Arbitrators should consider these issues at the outset, when determining how the arbitration hearing will take place.
ICC Survey on Use of IT in International Arbitration
The ICC Commission on Arbitration and ADR conducted a survey to better understand the current state of technology in modern international arbitration practice and received 520 responses, mostly from those whose primary role in international arbitration proceedings is as counsel or arbitrator, or whose time is split between the two roles.
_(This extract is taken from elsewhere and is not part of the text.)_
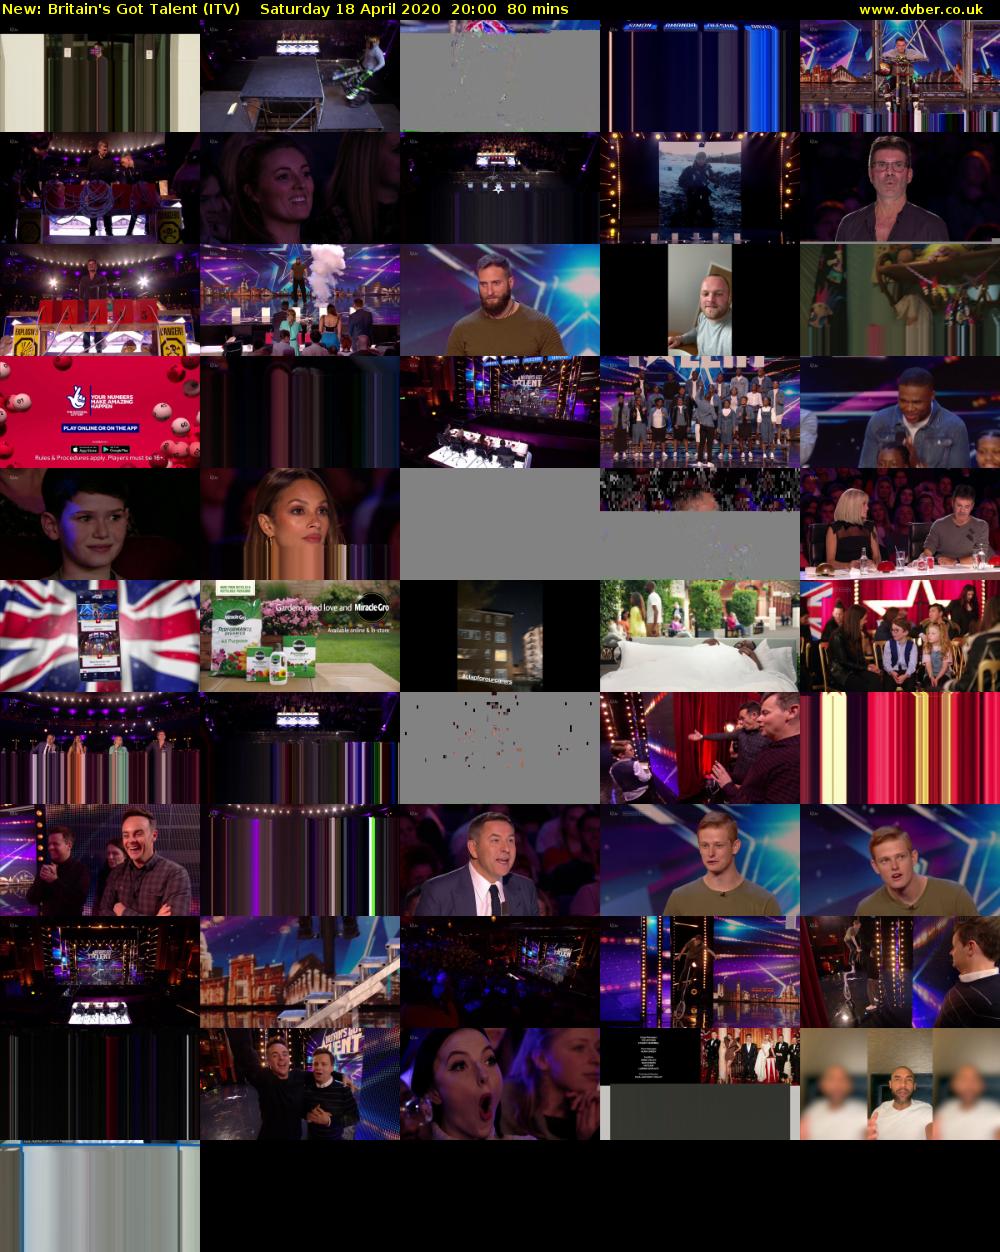 Britain's Got Talent (ITV) Saturday 18 April 2020 20:00 - 21:20

Some key findings from the summary are as follows:
- 93% of respondents believe technology has transformed arbitration by helping streamline processes and improve the cost-effectiveness of the process;
- 83% agreed that technology has been underutilized in the arbitral process;
- 74% disagreed that technology has created or exacerbated concerns about fairness and/ or equal treatment of the parties, yet respondents were nearly evenly split as to whether technology has levelled the playing field between the parties, with 51% agreeing that it has and 49% responding that it has not;
- 95% of respondents believe that during the initial case management conference, tribunals should routinely discuss with the parties how IT may be used to increase the efficiency of, or otherwise enhance, the arbitral proceedings.
Some of the IT solutions the respondents stated that they would use ‘more often’ after the pandemic are:
- Videoconferencing for a case management or other procedural conference (83%);
- Online case management platform/virtual data room for exchange of all or most communications and submissions (71%);
- Cloud file sharing site for the exchange of documents (68%); and
- Hyperlinked submissions/e-briefs or e-bundles (58%).
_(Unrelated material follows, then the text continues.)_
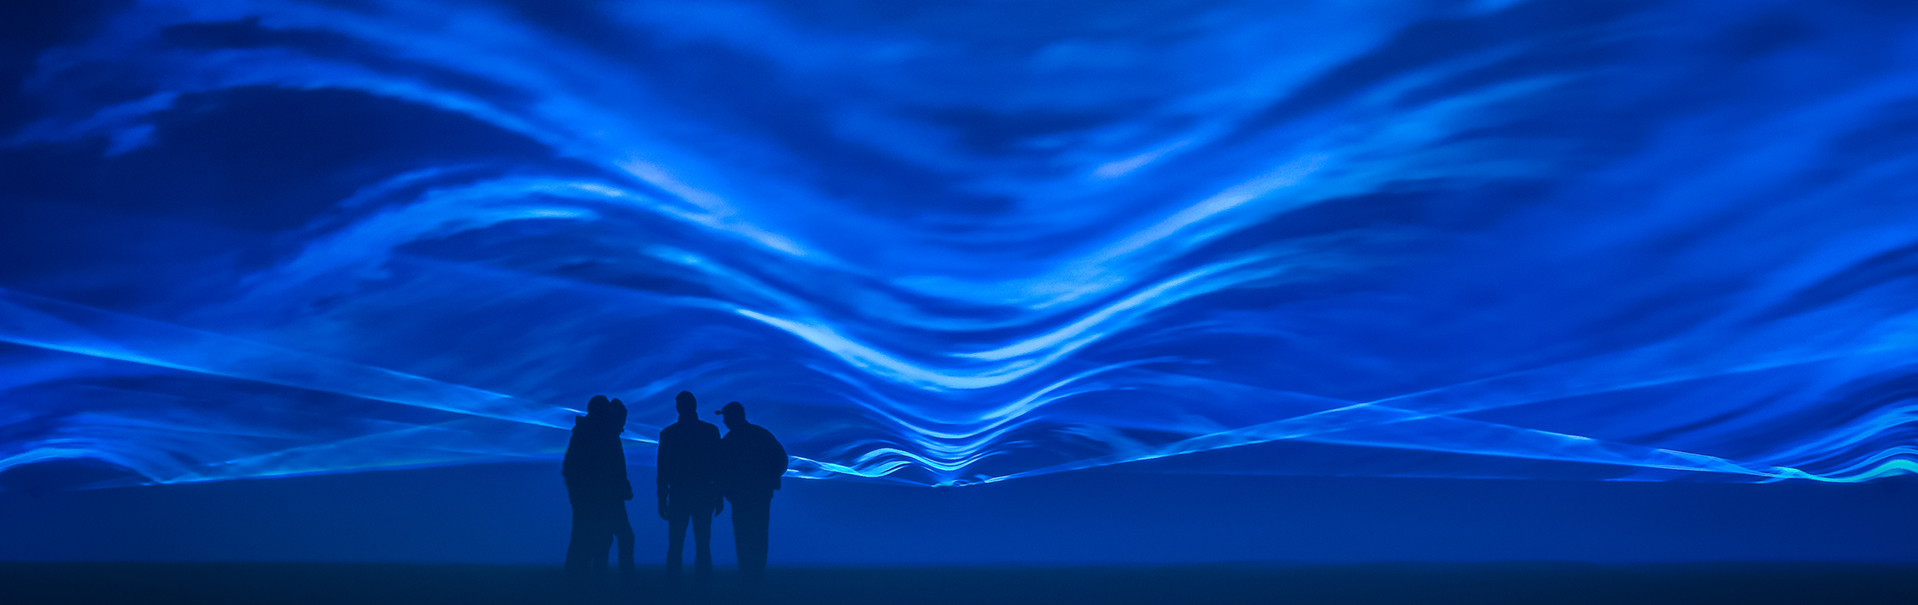 Die poetische Installation "Waterlicht" des niederländischen Künstlers Daan Roosegaarde wird das Gelände des Peter-Behrens-Baus in Oberhausen an zwei Abenden (5./6.11.2021) großräumig symbolisch mit Wasser fluten.

Asked about whether technological competence will be an important consideration going forward when selecting an arbitrator, 51% responded ‘yes’ and 40% responded ‘it depends’.
Technology is becoming more entrenched in the legal system, including alternative dispute resolution methods. Although we are now seeing some return to in-person hearings, the legal system will not be returning to how it was before the pandemic. Further, as technology continues to advance and institutions such as the ICC continue to improve solutions to issues such as cybersecurity, technology will increasingly be used as a tool to facilitate access to justice by decreasing costs and time commitments.